[What is required] Each line below must be reproduced exactly, though the pictures are to be dropped.

[Data excerpt]
■ ■ ■

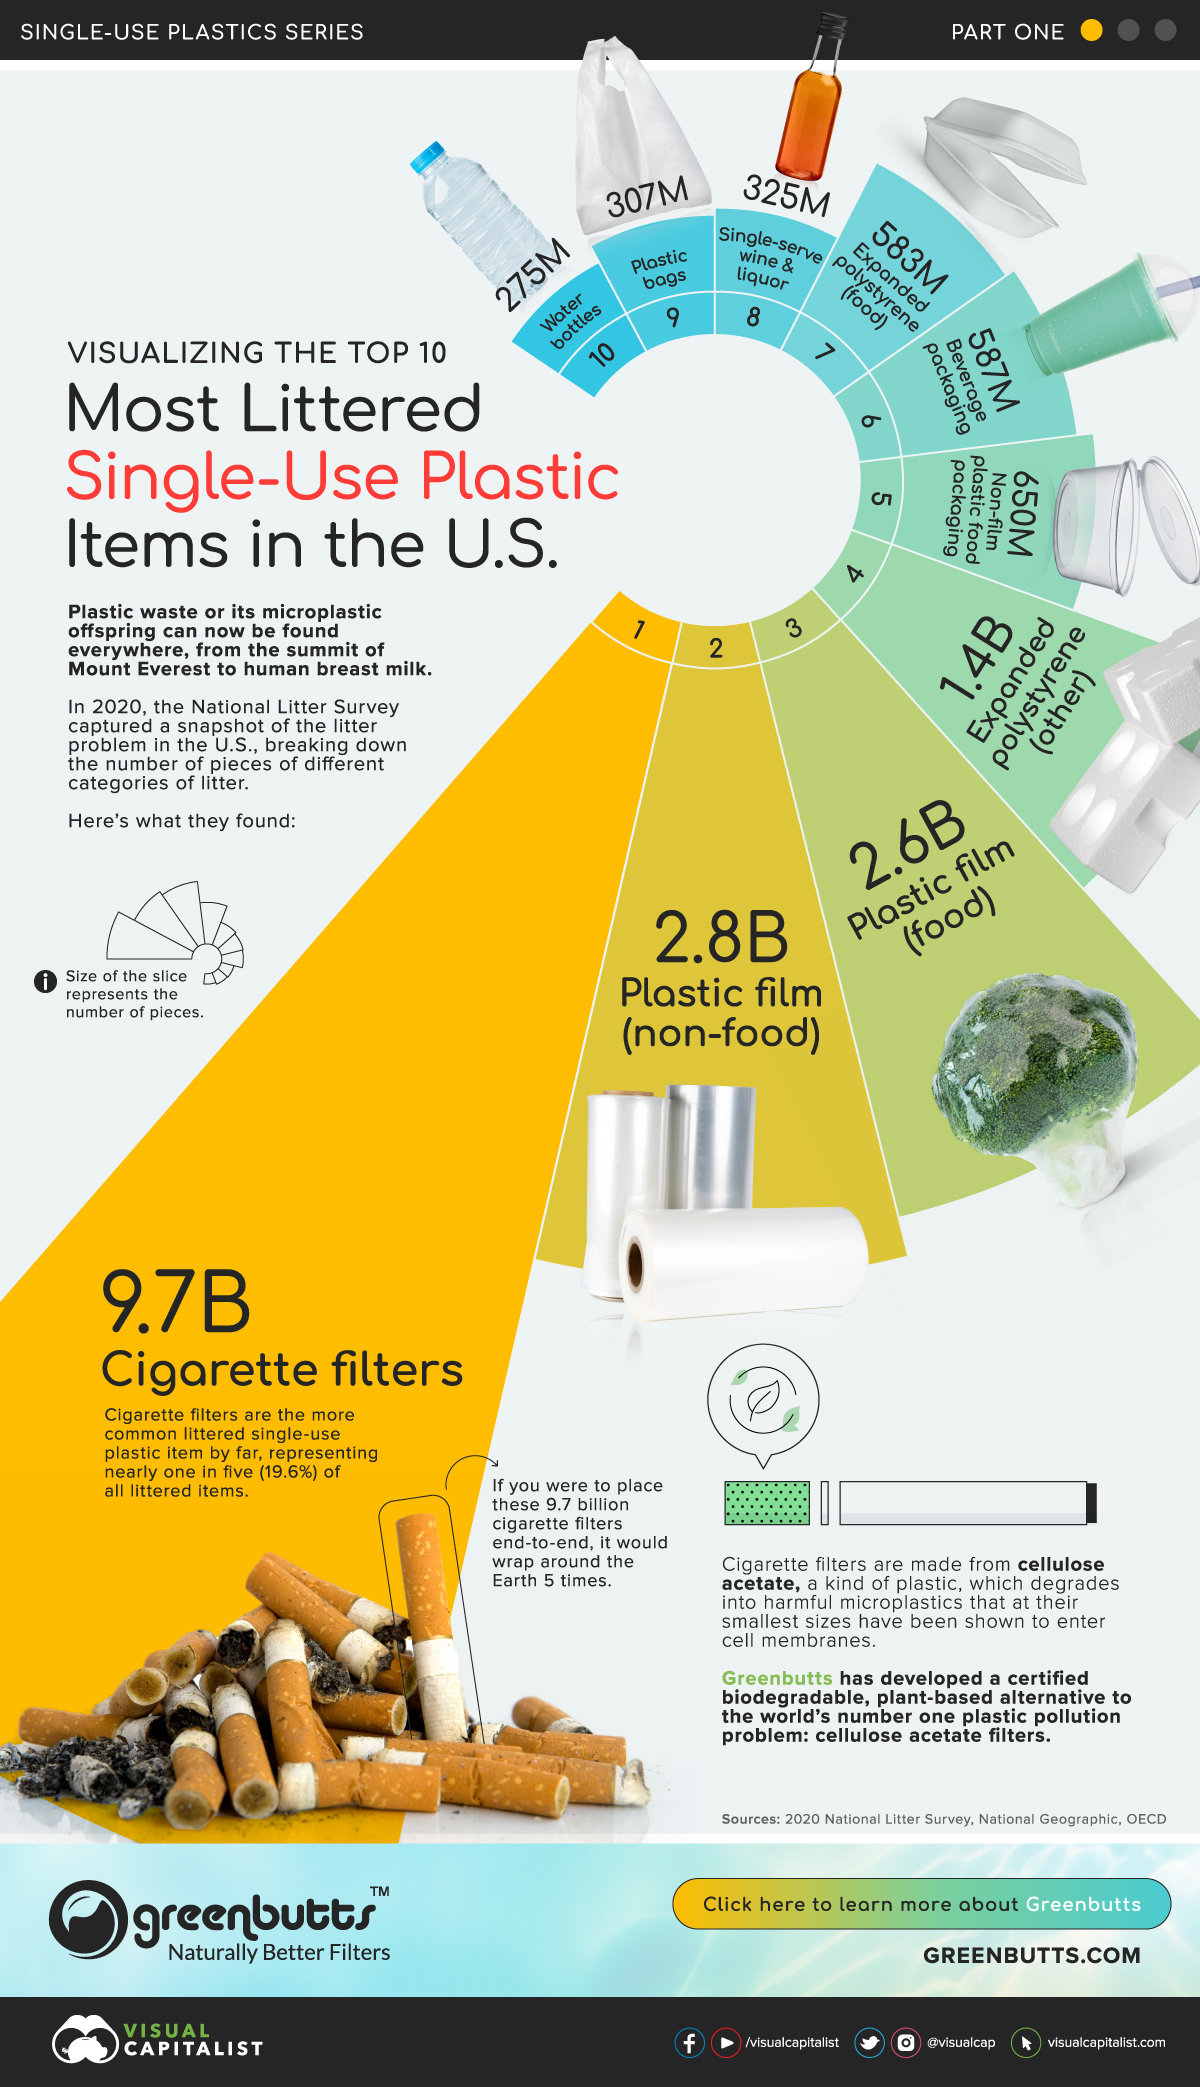 Top 10 Most Littered Single-Use Plastic Items in the U.S.
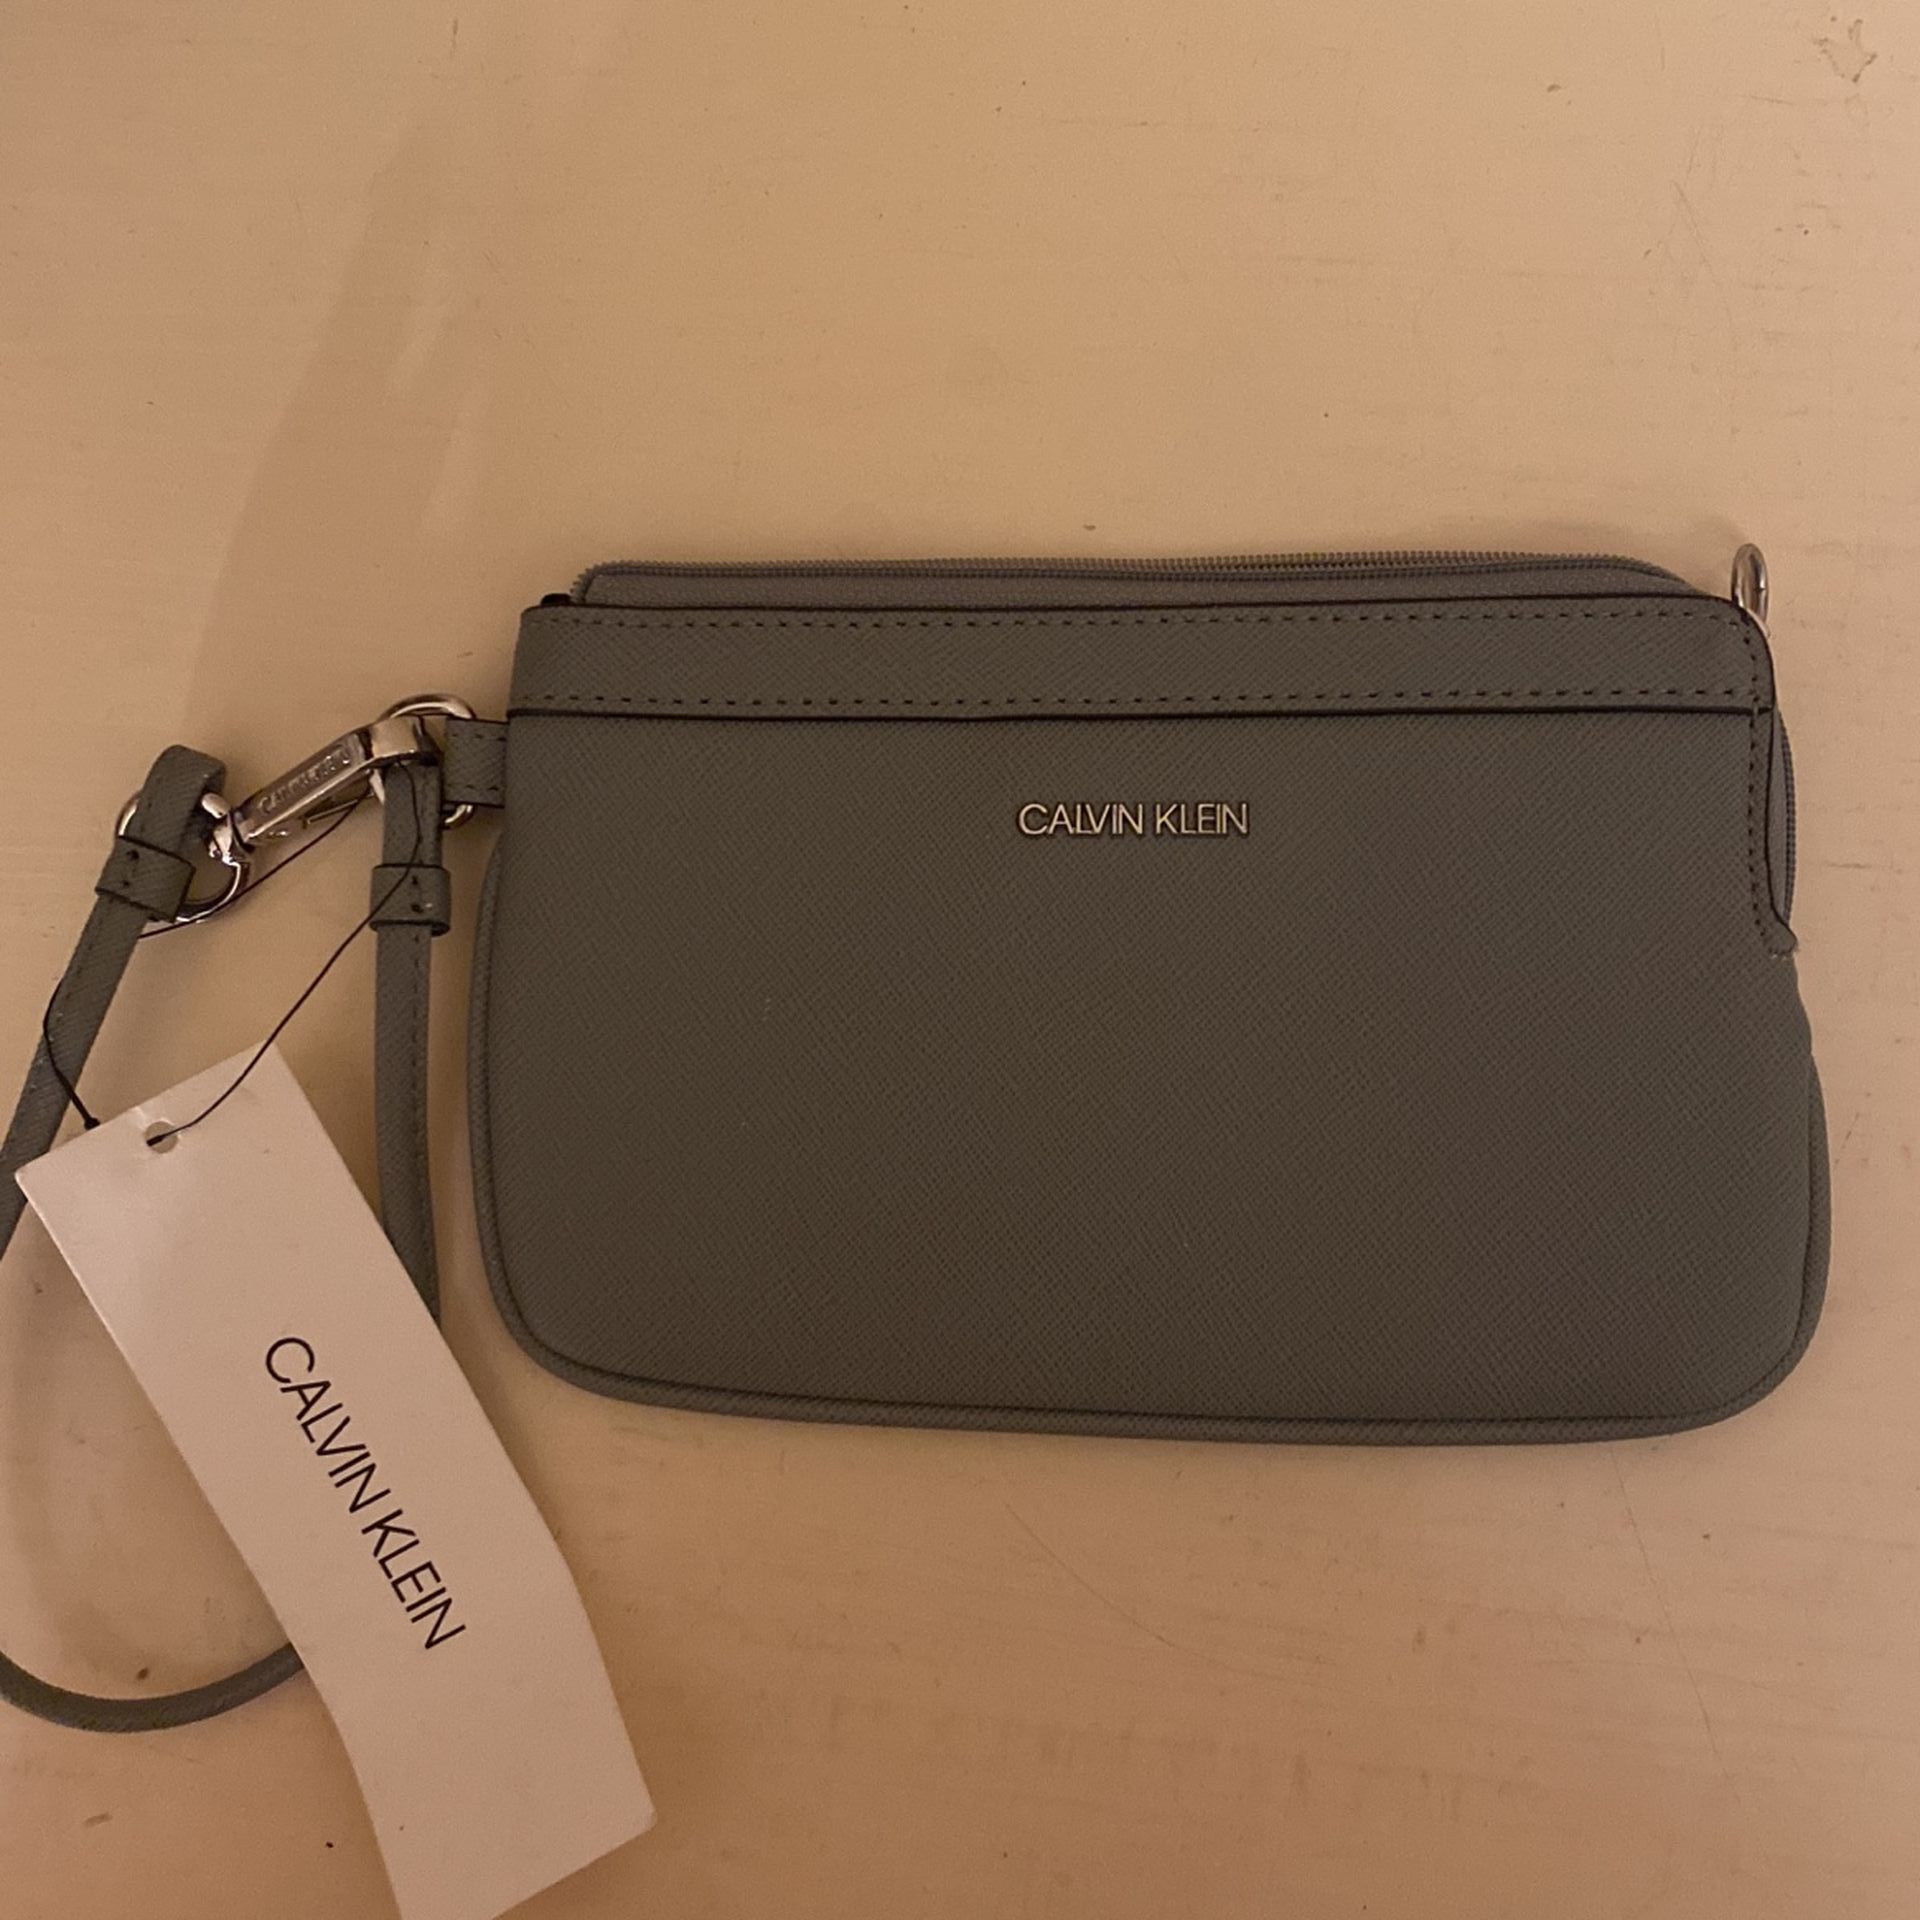 Calvin Klien Grey Wristlet Wallet With Removable Strap  For Wallet Use $5 C My Other Wallets Ty
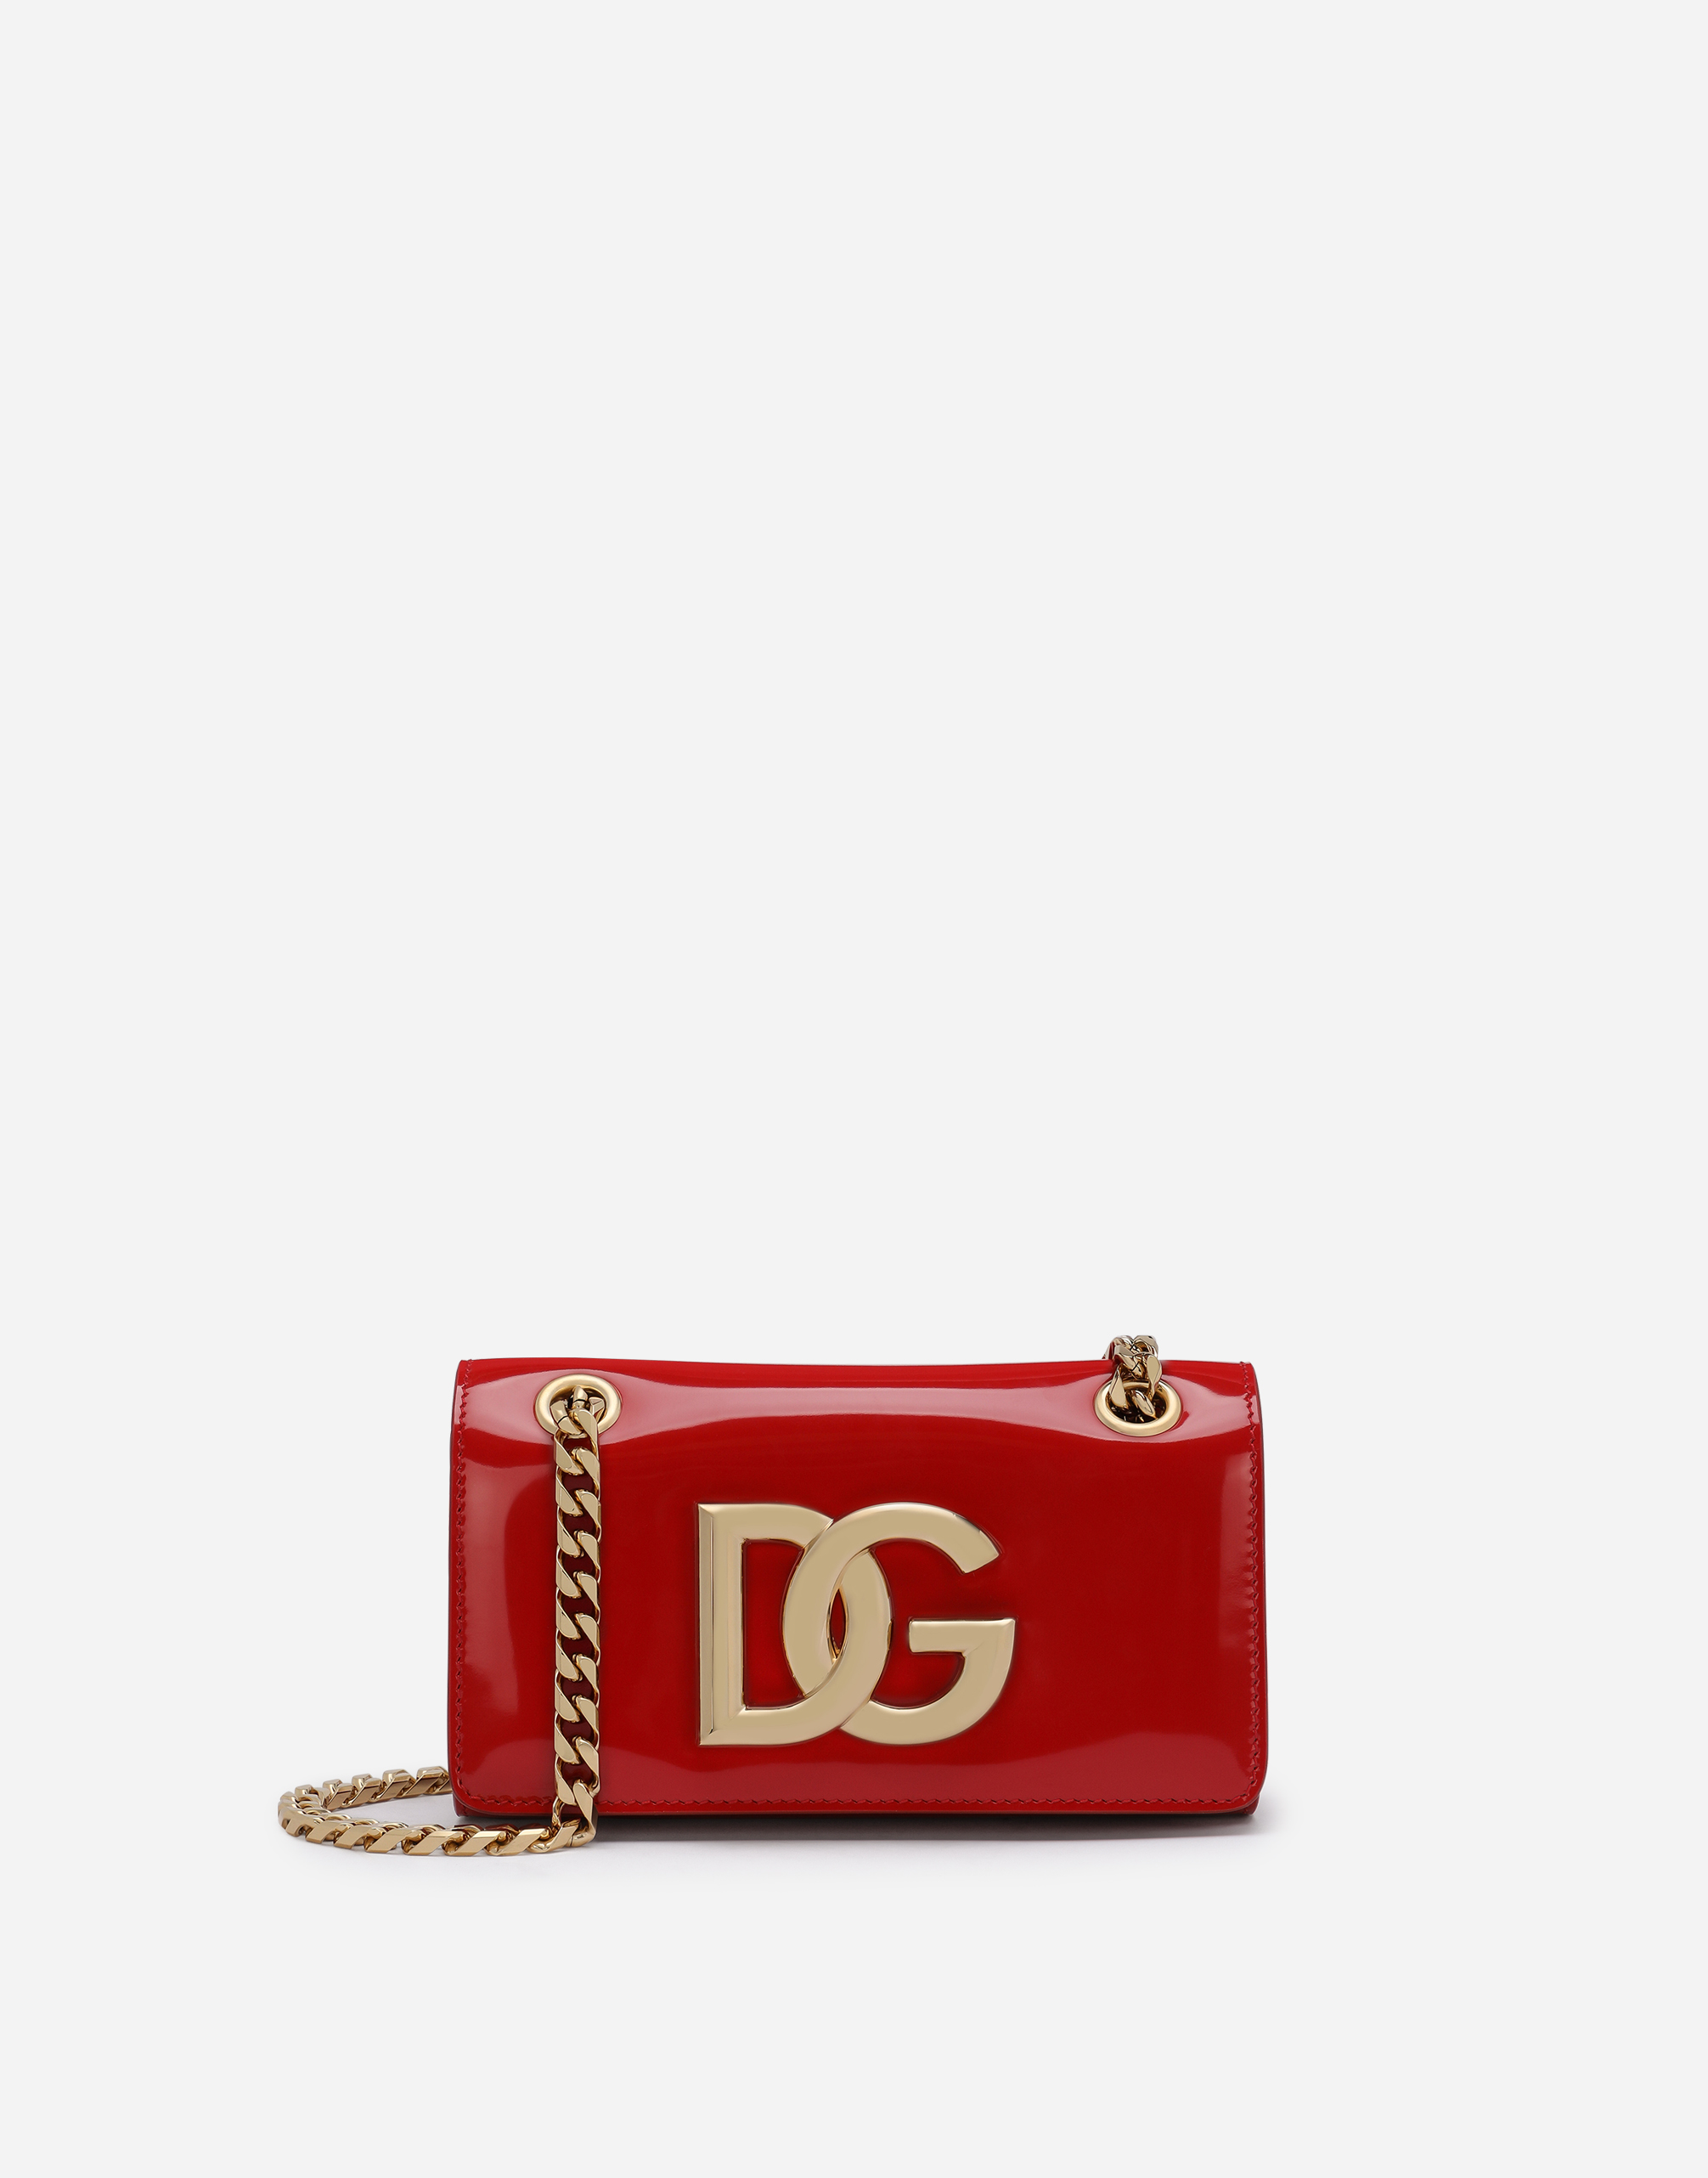 Dolce & Gabbana Polished Calfskin 3.5 Cell Phone Bag In Red

■ ■ ■

[Answer below]
 Top 10 Most Littered Single-Use Plastic Items in the U.S.
 Calvin Klien Grey Wristlet Wallet With Removable Strap  For Wallet Use $5 C My Other Wallets Ty
 Dolce & Gabbana Polished Calfskin 3.5 Cell Phone Bag In Red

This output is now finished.